Methods: The study enrolled 474 patients with acute gouty arthritis (AG), 399 patients with intercritical gouty arthritis (IG) and 194 healthy controls (HC). The differences in Monocyte-to-lymphocyte ratio (MLR), neutrophil-to-lymphocyte ratio (NLR), platelet-to-lymphocyte ratio (PLR), SII, and SIRI levels among different groups were assessed. The changes in the above indicators before and after treatment in the AG and IG groups were evaluated. Multivariate logistic regression analysis was assessed influencing factors for the acute gout attack. ROC curves were plotted to evaluate their diagnostic value for AG.
Results: Compared with the IG group, the erythrocyte sedimentation rate (ESR), C-reactive protein (CRP), PLR, and incidence of hyperlipidemia in the AG group were significantly higher, and the duration of disease was significantly shorter (P < 0.05). The MLR, NLR, SII and SIRI in the AG group were significantly higher than those in the IG and HC groups (P < 0.05). Compared with baseline, decreased MLR, NLR, PLR, SII and SIRI were observed in the AG group after treatment (P < 0.05), while there was no significant difference in the IG group before and after treatment (P > 0.05). SIRI was positively correlated with ESR and CRP (P < 0.05). Multivariate logistic regression analysis result showed that duration of disease, hyperlipidemia, ESR, CRP, and SIRI were influencing factors of acute gout attack (P < 0.05). The AUC of ESR, CRP and SIRI on the diagnosis in AG were 0.664, 0.755, and 0.674, respectively.
Conclusion: SIRI may be used as a new inflammatory marker of disease activity with gouty arthritis.
Keywords: systemic inflammatory response index, complete blood cell count, gouty arthritis, inflammatory marker
Introduction
Gouty arthritis (GA) is an autoinflammatory disease caused by the deposition of MSU crystals in joints and surrounding tissues.1 The clinical symptoms of acute gouty arthritis are abrupt, characterized by redness, swelling, heat, pain, and dysfunction of the affected joint and surrounding tissues.2 Without clinical intervention, repeated attacks of acute gout inflammation can lead to progressive destruction of joint tissues, bone erosion, and cartilage damage, ultimately evolving into chronic gouty inflammation.

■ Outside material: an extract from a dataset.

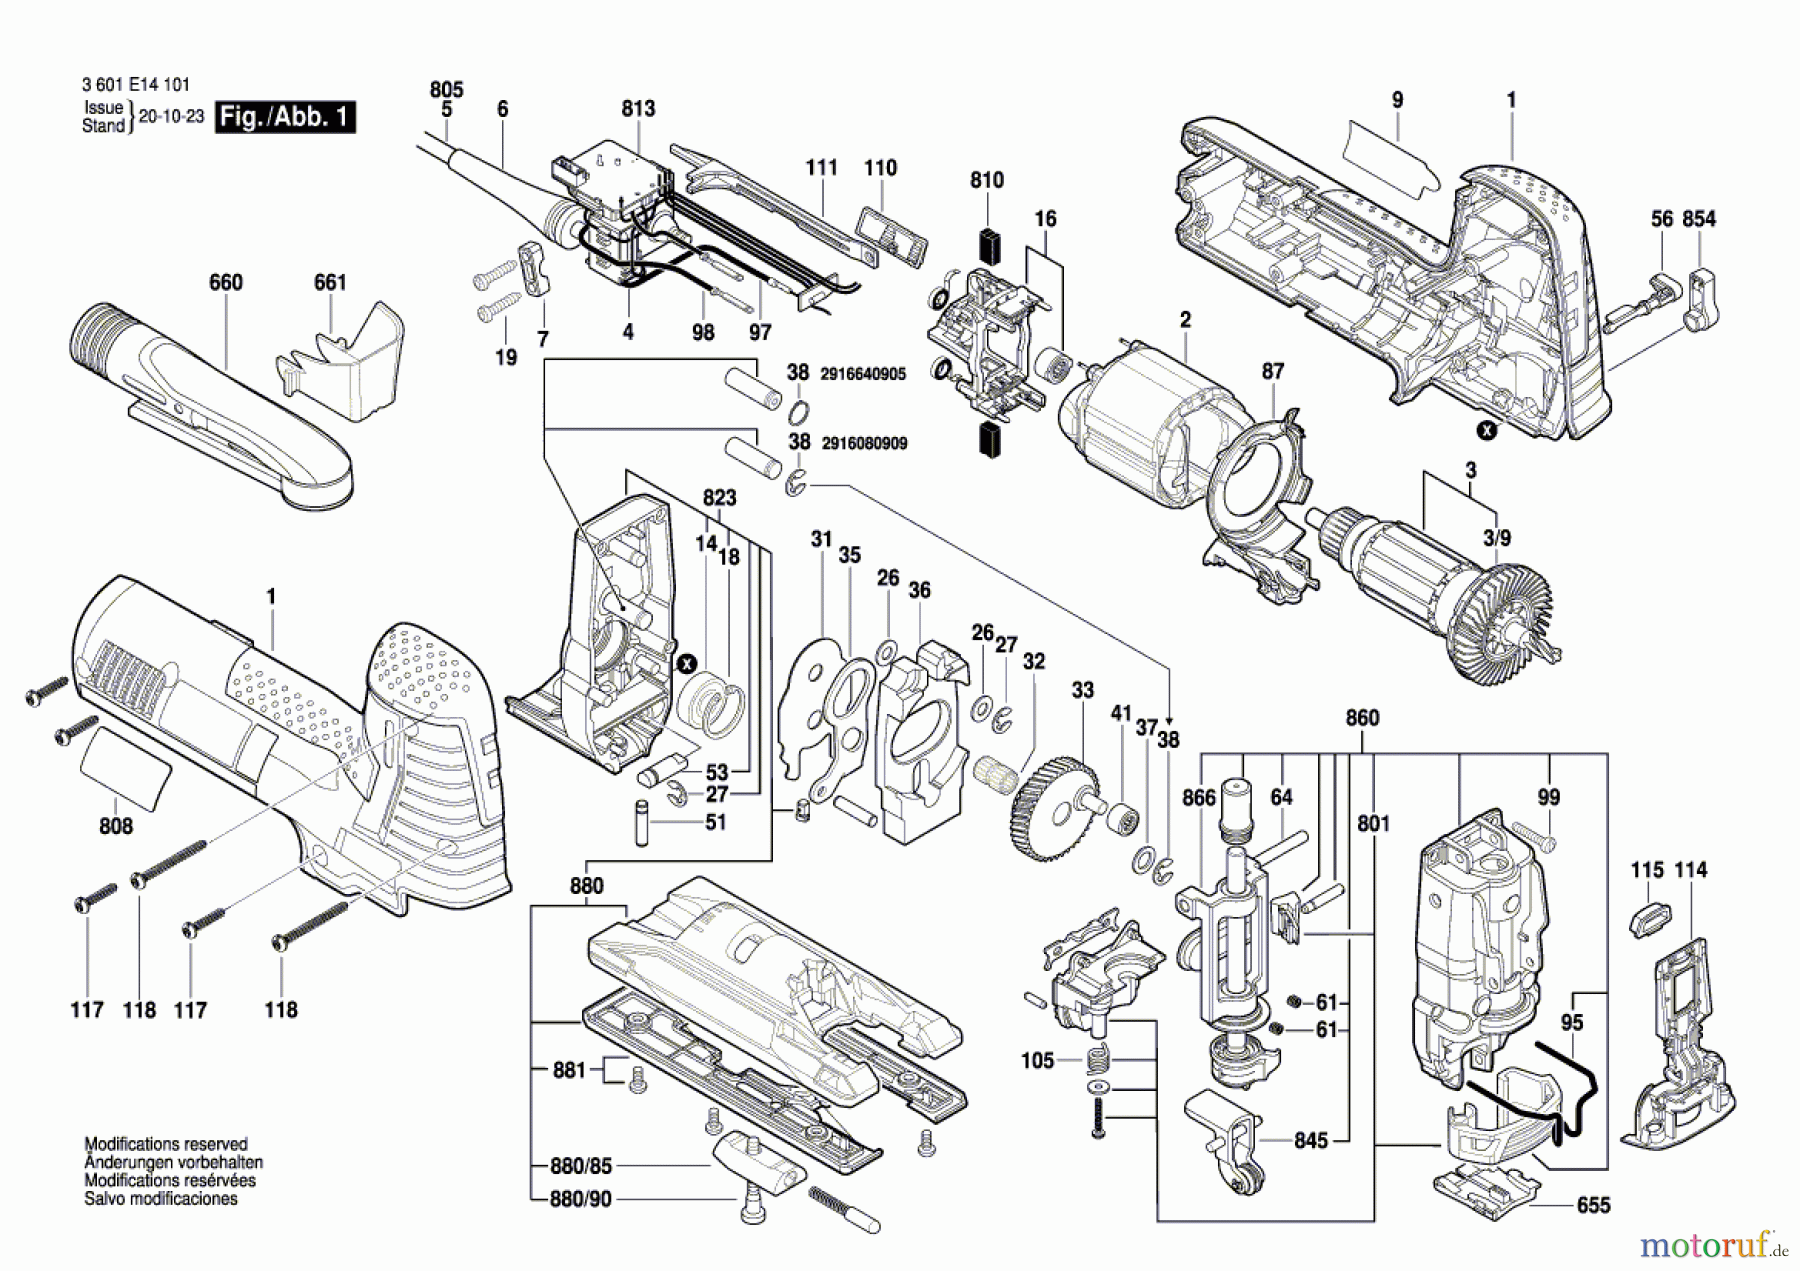  Bosch Werkzeug Pendelstichsäge GST 1400 CE Seite 1
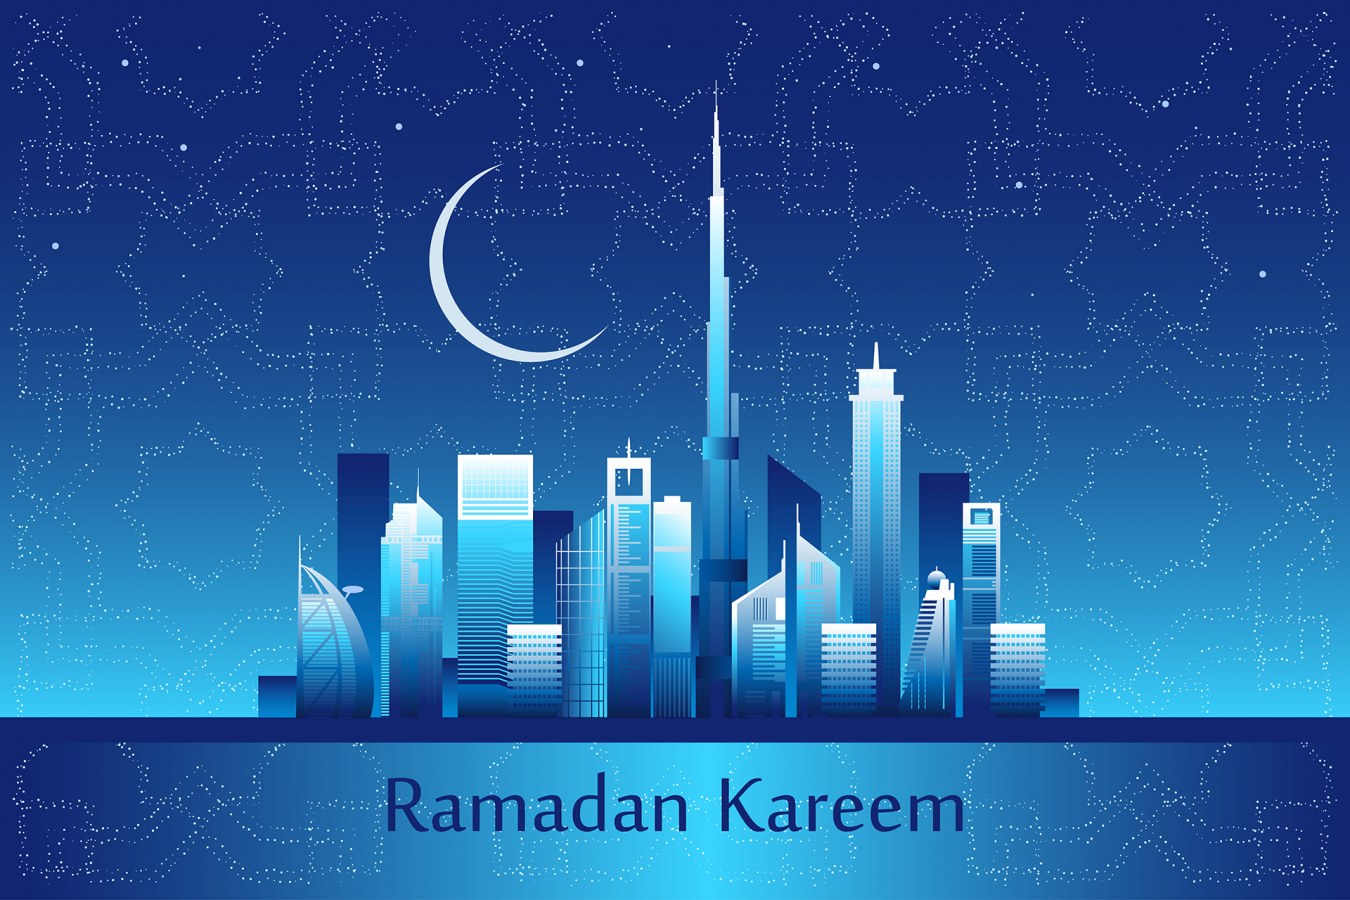 ramadan_kareem_bayut.jpg

Many inflammatory factors are involved in the gouty inflammatory response induced by MSU crystals, such as IL-1β, IL-6, TNF-α, and other cytokines, which are crucial in the inflammatory cascade amplification reaction.3 However, serum inflammatory factors such as IL-1β and IL-6 are rarely used as clinical routine testing indicators due to the high cost. Currently, two nonspecific inflammatory biomarkers, Erythrocyte sedimentation rate (ESR) and C-reactive protein (CRP), are often used to detect disease activity in gouty arthritis. However, they have complex measurements and limited clinical application and still have certain limitations in evaluating gout disease activity. For example, some patients with low disease activity are often overlooked because ESR and CRP are at cutoff thresholds, and the above inflammatory indicators may be significantly increased in some patients with intercritical gout. Therefore, more inflammatory markers related to disease activity need to be identified.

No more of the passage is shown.